The most frequently stated reasons for recommending hospital admission include: severe TB, infection control concerns, co-morbidities and drug adverse events which cannot be managed at out-patient level. The review also provides suggestions on hospital requirements for safe admissions as well as patient discharge criteria, while underlining the relevance of patient-centred care through community/home-based care.

Keywords: TB, COVID-19, Hospital admission, Discharge, Hospitalization criteria, Infection control and prevention, Length of stay, Costs

Introduction

Tuberculosis (TB) and COVID-19 show similarities and differences, as recently discussed in the scientific literature.1, 2, 3, 4, 5, 6, 7

Both diseases have similar signs and symptoms,6, 7, 8, 9, 10 rendering their differential diagnosis difficult as they may also present concomitantly. They might require hospital admission, although justified by different reasons.

Indications of hospital admission for COVID-19 patients have been changing during the evolution of the ongoing pandemic. The occurrence of clinical deterioration11, 12 with progressive dyspnoea and desaturation requiring medical therapy (e.g., dexamethasone) and non-invasive or invasive ventilatory support represents the most important recommendation for an immediate hospitalization as in other respiratory conditions.12, 13, 14 Nevertheless, no previously used criteria or scores have been validated for COVID-19 patients to decide in favour of hospitalization or not15 and new specific criteria are being explored.16

Indications of hospital admission for TB patients are more complex, and in different countries can go far beyond the occurrence of a life-threatening condition. Moreover, they evolved over time.

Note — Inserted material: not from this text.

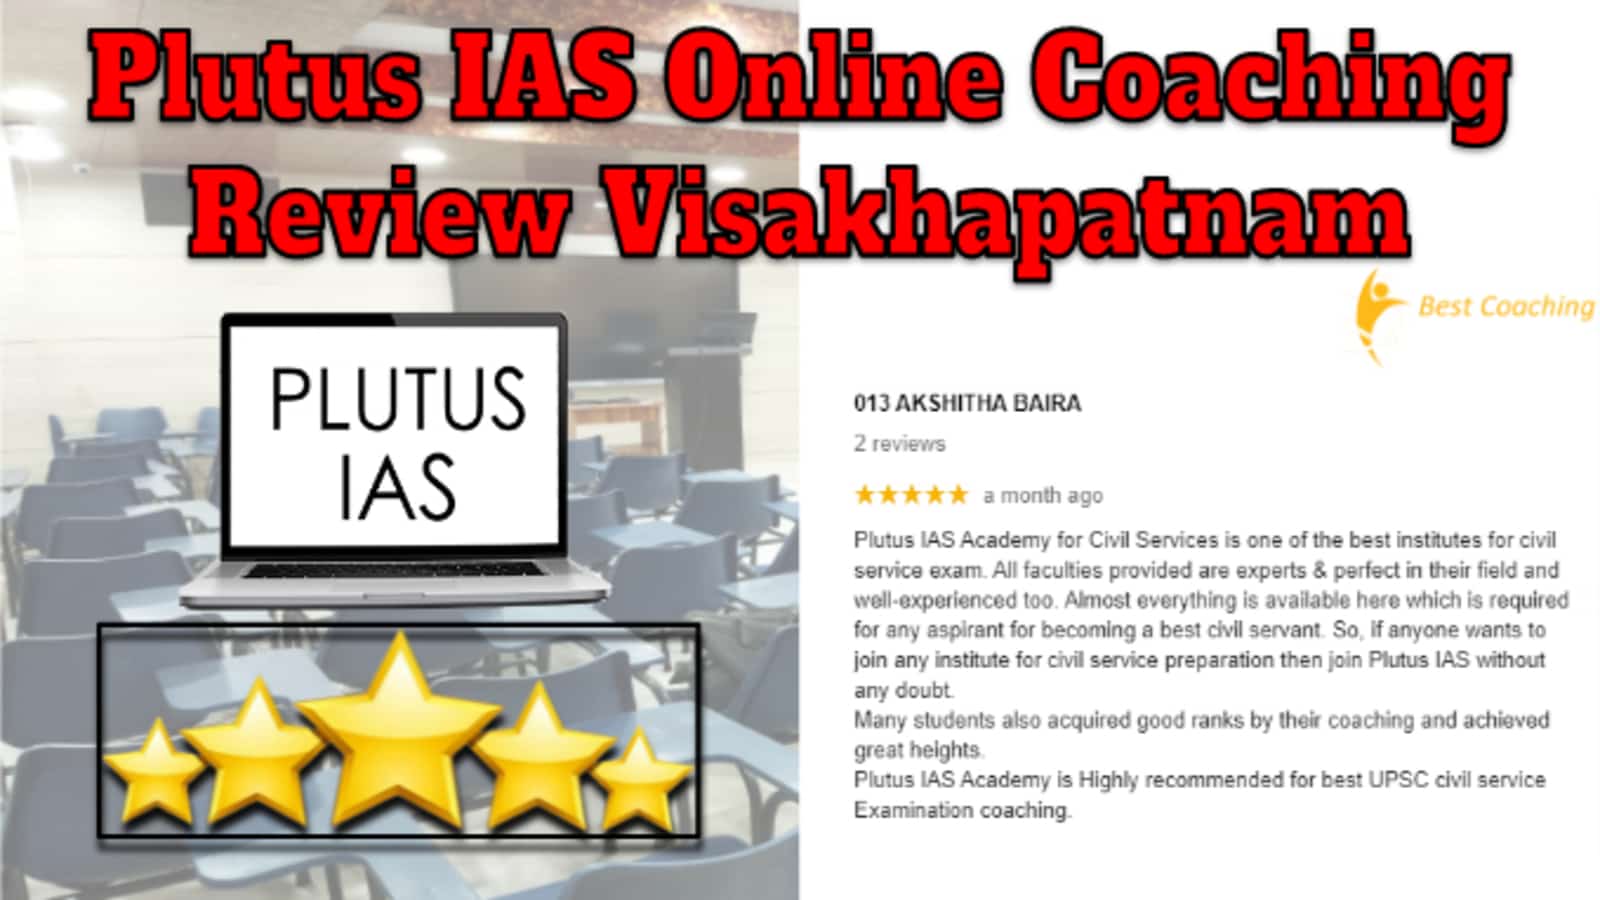 Plutus IAS Online Coaching Review Visakhapatnam

At the time of sanatoria and during the pre-antibiotic era17, 18 admission was used as an ‘isolation’ intervention to reduce Mycobacterium tuberculosis transmission within the community and as support measure to ensure rest, optimal nutrition and eventually to perform pneumothorax after Carlo Forlanini’s discovery in 1907.19 In addition, in children severe extra-pulmonary TB and social circumstances likely contributed to hospitalization.20

Over time, hospital admission was considered ideal to better monitor the initial phase of anti-TB treatment and eventually drug adverse events, and, in some countries, to ensure adequate adherence to the prescribed regimen.21, 22 Furthermore, in several countries hospital admission is still considered an administrative measure of infection control, as patients cannot be discharged until they achieve sputum smear and/or culture conversion21, 22 Although the World Health Organization (WHO) recommends limiting unnecessary hospitalization, this is often complicated by a’ per occupied bed’ refund mechanism prevailing in some countries22, 23, 24 and a sub-optimal Directly Observed Treatment (DOT)/patient’s support practices at outpatient settings.

The present review evaluates the available evidence on hospital admission for TB and TB/COVID-19 and discusses the criteria guiding hospitalization.

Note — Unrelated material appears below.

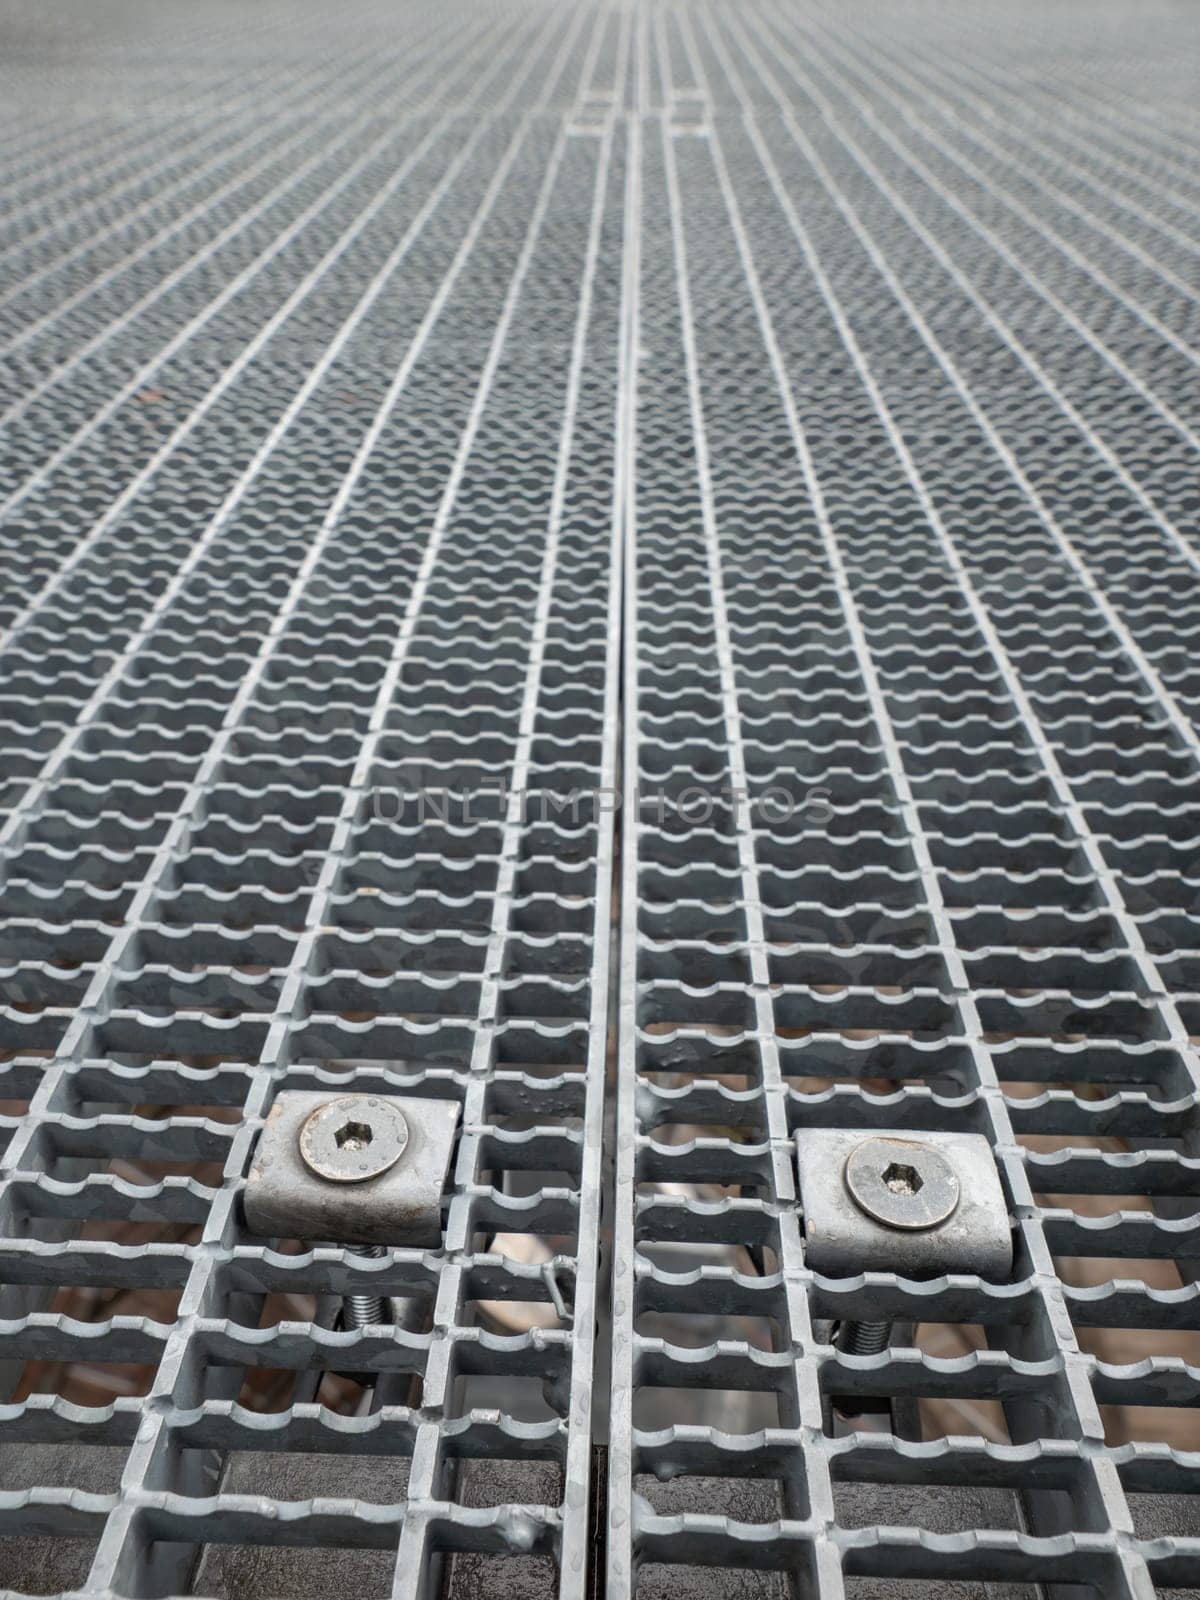 Gray grille transparent viewing platform construction by rdonar2

Finally, recommendations are made following a recently published WHO (Regional Office for Europe) document on how to reduce Mycobacterium tuberculosis transmission in Europe.21, 22

Methods

A non-systematic search of the scientific literature in English was carried out on PubMed without time restrictions using the following key-words: ‘hospital admission’ ‘COVID-19’, ‘tuberculosis’, ‘length of stay’, ‘ambulatory care’, ‘prevention’, ‘infection control’, and ‘workplace’.

As hospital admission implies programmatic costs, we report available information on this obtained from the literature review.

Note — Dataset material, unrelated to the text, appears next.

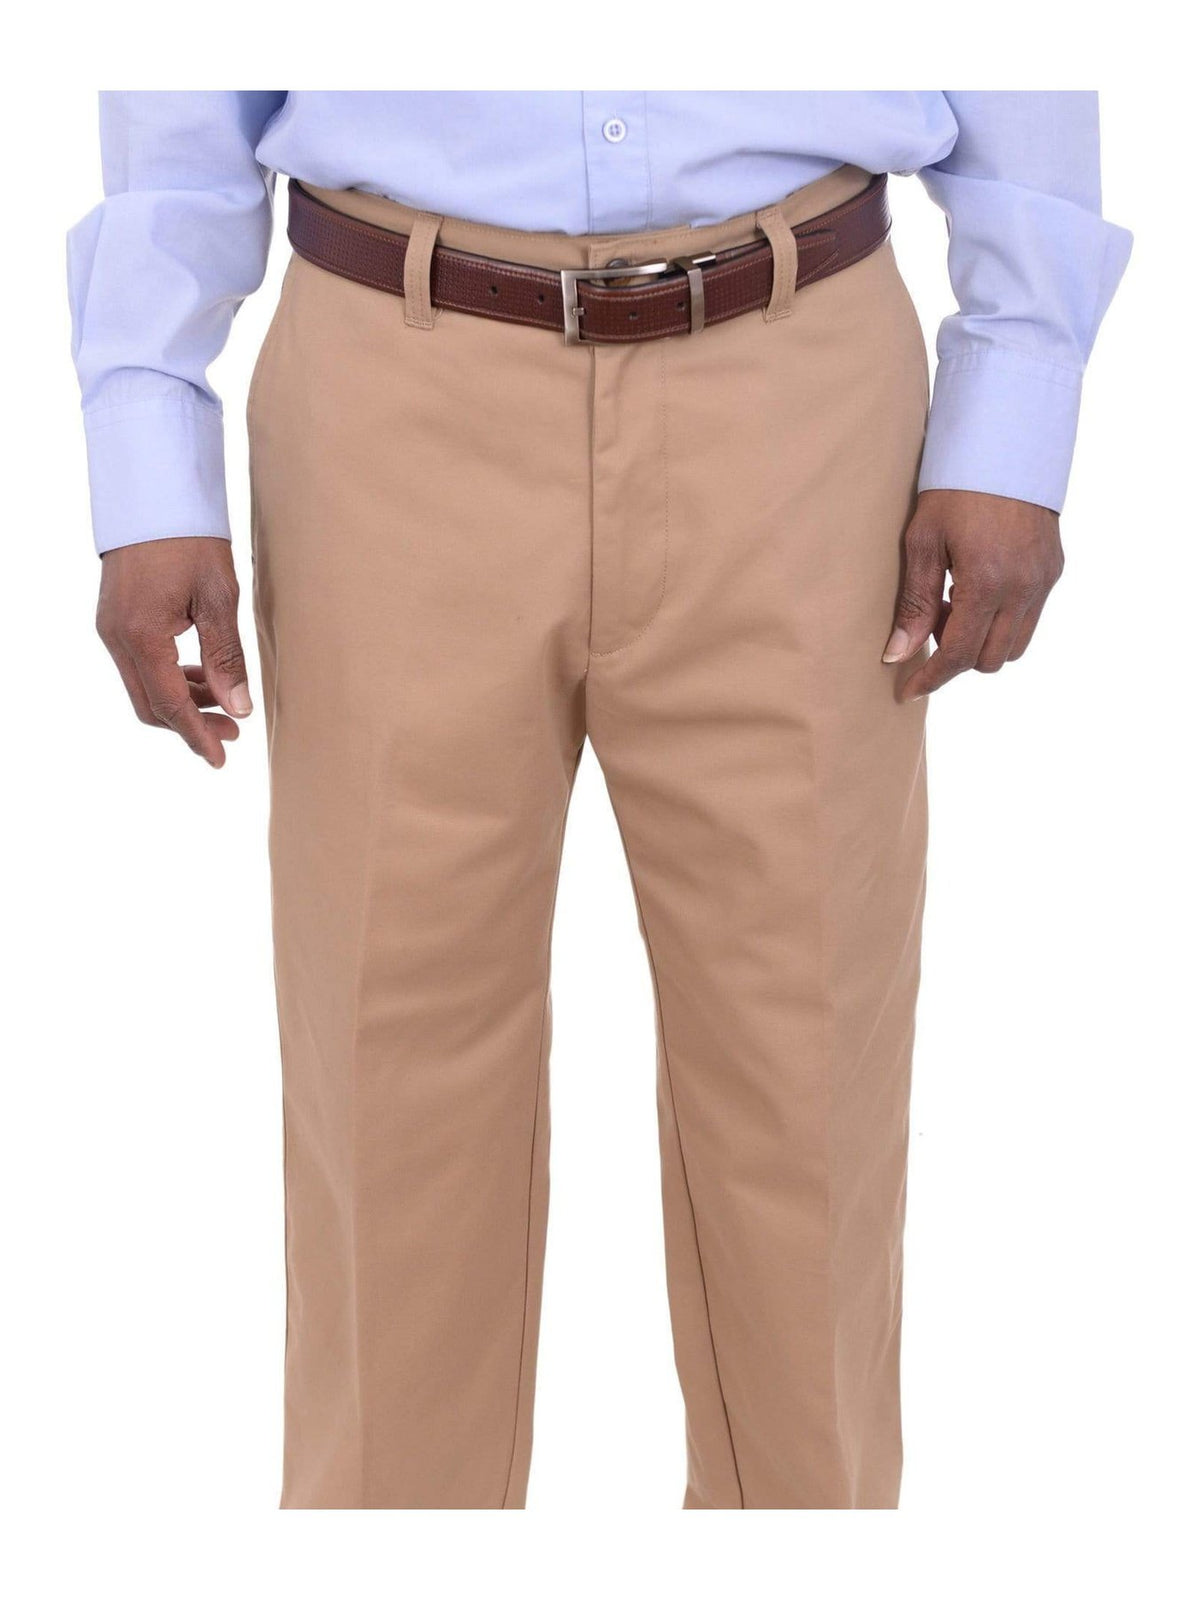 Haggar Men's Premium Comfort Khaki Pant-Multi-Fits Regular and Big & Tall  Sizes, Charcoal, 32W x 32L at Amazon Men's Clothing store

Data on TB admissions were retrieved from countries of the WHO European Region (WHO workshop: Lessons learned from finance reforms on TB control, Copenhagen, Denmark, April 26th 2016; unpublished data reporting 2014 data) and from relevant existing cohorts allowing analysis of hospital admission-related information.

They include a secondary analysis of a large GTN cohort (global bedaquiline study)25 and, for the duration of the hospital stay for TB in patients with COVID-19, from the ongoing global study on TB/COVID-1926 (interim analysis, November 27th, 2020, see references for details on the two studies).

WHO definitions of multidrug-resistant (MDR) and extensively drug-resistant (XDR) TB were adopted.27 Although not approved by WHO (but largely used by clinicians), pre-XDR TB was defined as a form of TB caused by an MDR-TB strain with additional resistance to either a fluoroquinolone or a second line-injectable agent (amikacin, capreomycin or kanamycin).25, 28

A writing committee of international experts including members of the Global Tuberculosis Network (GTN) developed the document after multiple rounds of revision. The document was then proposed for endorsement to the GTN.11, 29 The number of invited GTN members and those endorsing the document is reported under acknowledgements.

Evidence on TB hospital admission

European data (2016, unpublished and WHO/ECDC tuberculosis surveillance and monitoring 2020)30

The available data (average length of stay [ALOS] and proportion of hospital admissions for drug-susceptible and MDR-TB) are presented in Figs. 13, while implications for hospital admission and discharge are discussed in the following sections.

Figure 1.

Figure 1

Hospitalization patterns (Average Length of Stay in days and proportion of admitted out of those treated) for newly diagnosed tuberculosis patients in Europe.

ALOS: average length of stay.

Figure 3.

Figure 3

Tuberculosis surveillance and monitoring 2020, and ECDC.30

WHO EURO: World Health Organization Regional Office for Europe; ECDC: European Centre for Disease Prevention and Control.

The Netherlands, Norway, Portugal and Sweden reported the shortest length of stay (LOS) (<20 days), whereas Hungary the highest (>80 days) (Fig. 1 shows the newly diagnosed 2014 cases reported in 2016).

Several Eastern Europe and Central Asia (EECA) countries reported LOS ≥ 60 days, with only Estonia and Georgia showing a LOS < 40 days. The Netherlands, Portugal and Sweden admitted <40% of the diagnosed patients, whereas Norway the vast majority. Other countries admitted from 80% to 100%.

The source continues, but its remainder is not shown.